Can't Spell Limbo Without OMB
Susan E. Dudley will get one more hearing.
The Senate Homeland Security and Governmental Affairs Committee will, once again, take up her troubled nomination to oversee federal regulatory policy at the Office of Management and Budget.
Chairman Joseph I. Lieberman (I-Conn.) "is moving forward in the traditional manner with her nomination," committee spokeswoman Leslie Phillips told our colleague Stephen Barr.
President Bush named Dudley to the OMB post last August, and her confirmation hearing was held in November. The Senate adjourned without voting on her nomination, which the White House later resubmitted.
While in confirmation limbo, she has been serving as counselor to Clay Johnson III, a presidential buddy and the deputy director for management at the OMB.
Before her first nomination, Dudley wrote about regulation for the Mercatus Center at George Mason University, and her critics assailed her comments involving air bags, arsenic limits in drinking water and workplace injuries.
Tripp Goes Back to Court
Linda Tripp, erstwhile pal of Monica Lewinsky, is scheduled to appear today in Fauquier General District Court in Warrenton in a dispute with the Pentagon Federal Credit Union over unpaid credit card bills. Tripp now owes $2,822.68, with attorneys' fees and such included, on a consumer loan, according to papers filed with the court.
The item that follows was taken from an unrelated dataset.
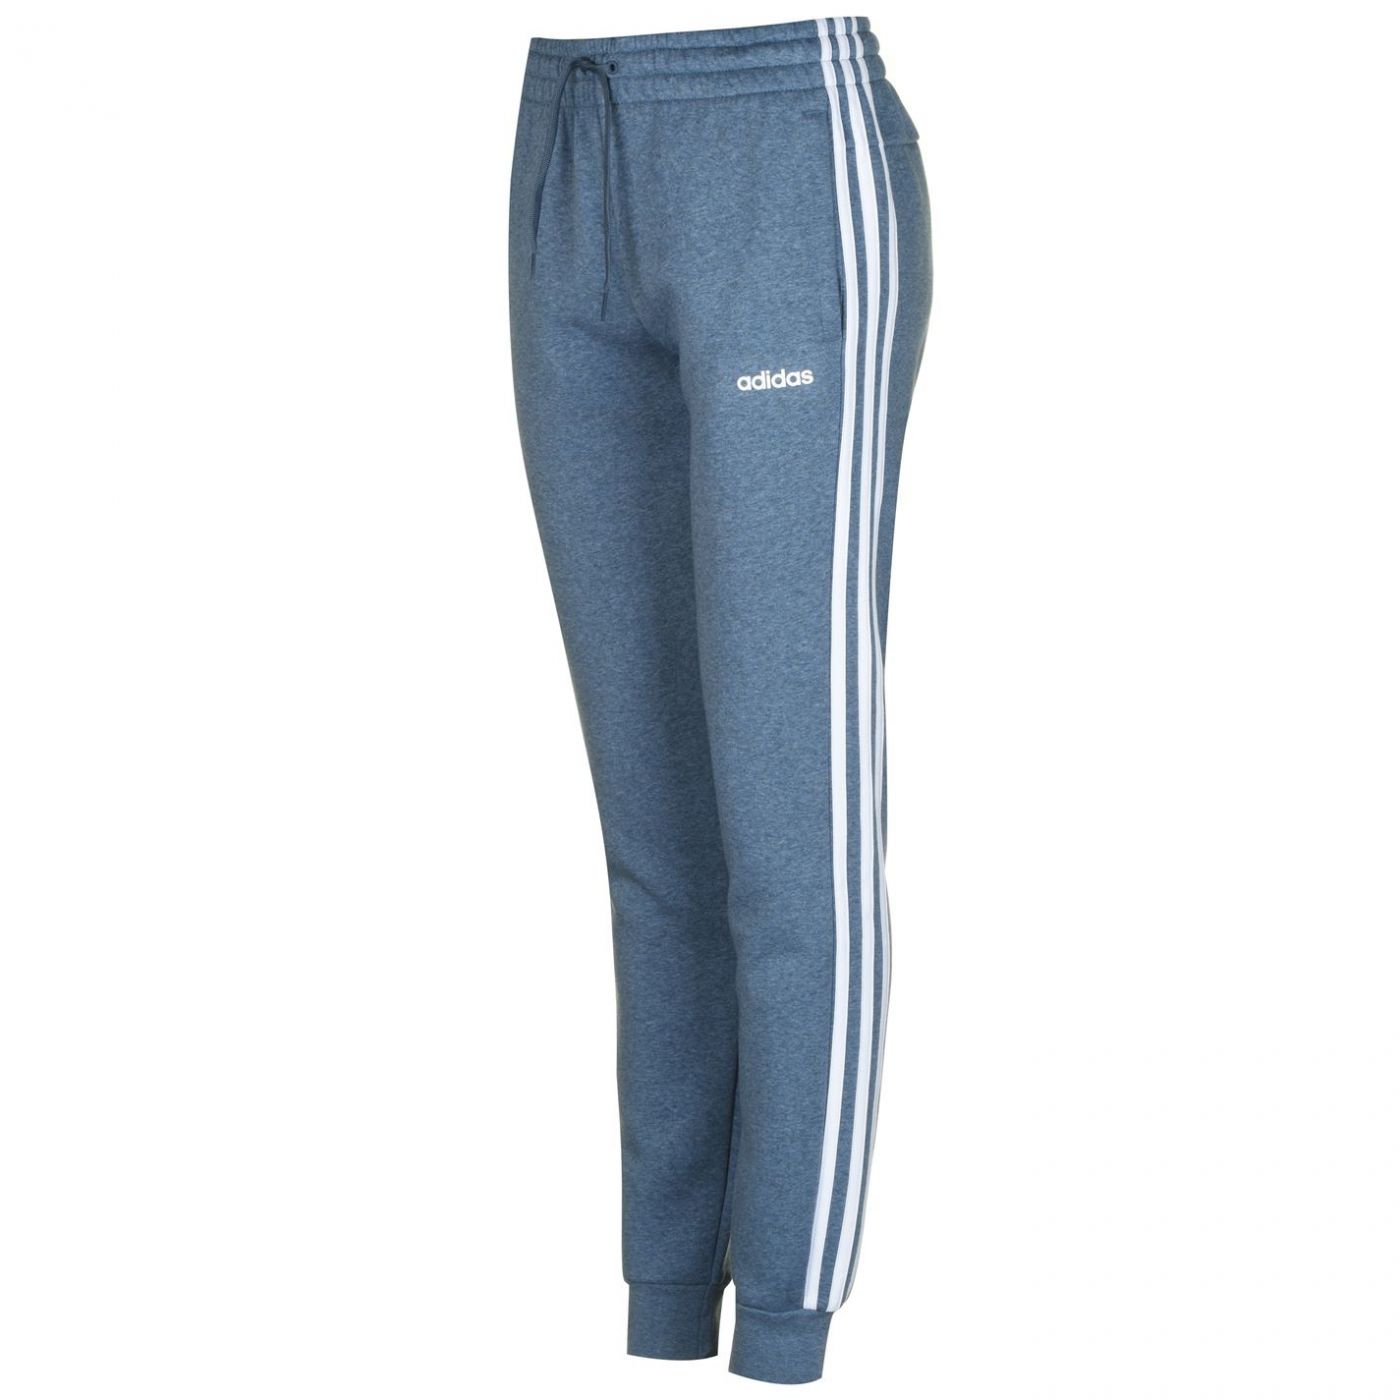 Adidas Essential 3 Stripe Jogging Pants

It's unclear whether Tripp will make it, though. The county sheriff's office, which tried to serve her notice of the court date, says she moved from Marshall and left no forwarding address, though they note that she may be working at a store in Middleburg.
Heading Out . . .
Richard Lawless, the deputy undersecretary of defense for Asia and Pacific affairs and an expert on Korean matters and China policy, is reported to be leaving his job in the next few weeks, apparently for personal reasons. The authoritative Nelson Report has it that Lawless's deputy, Jim Shinn, formerly the CIA's national intelligence officer for Asia, is expected to be nominated assistant secretary of defense for Asia.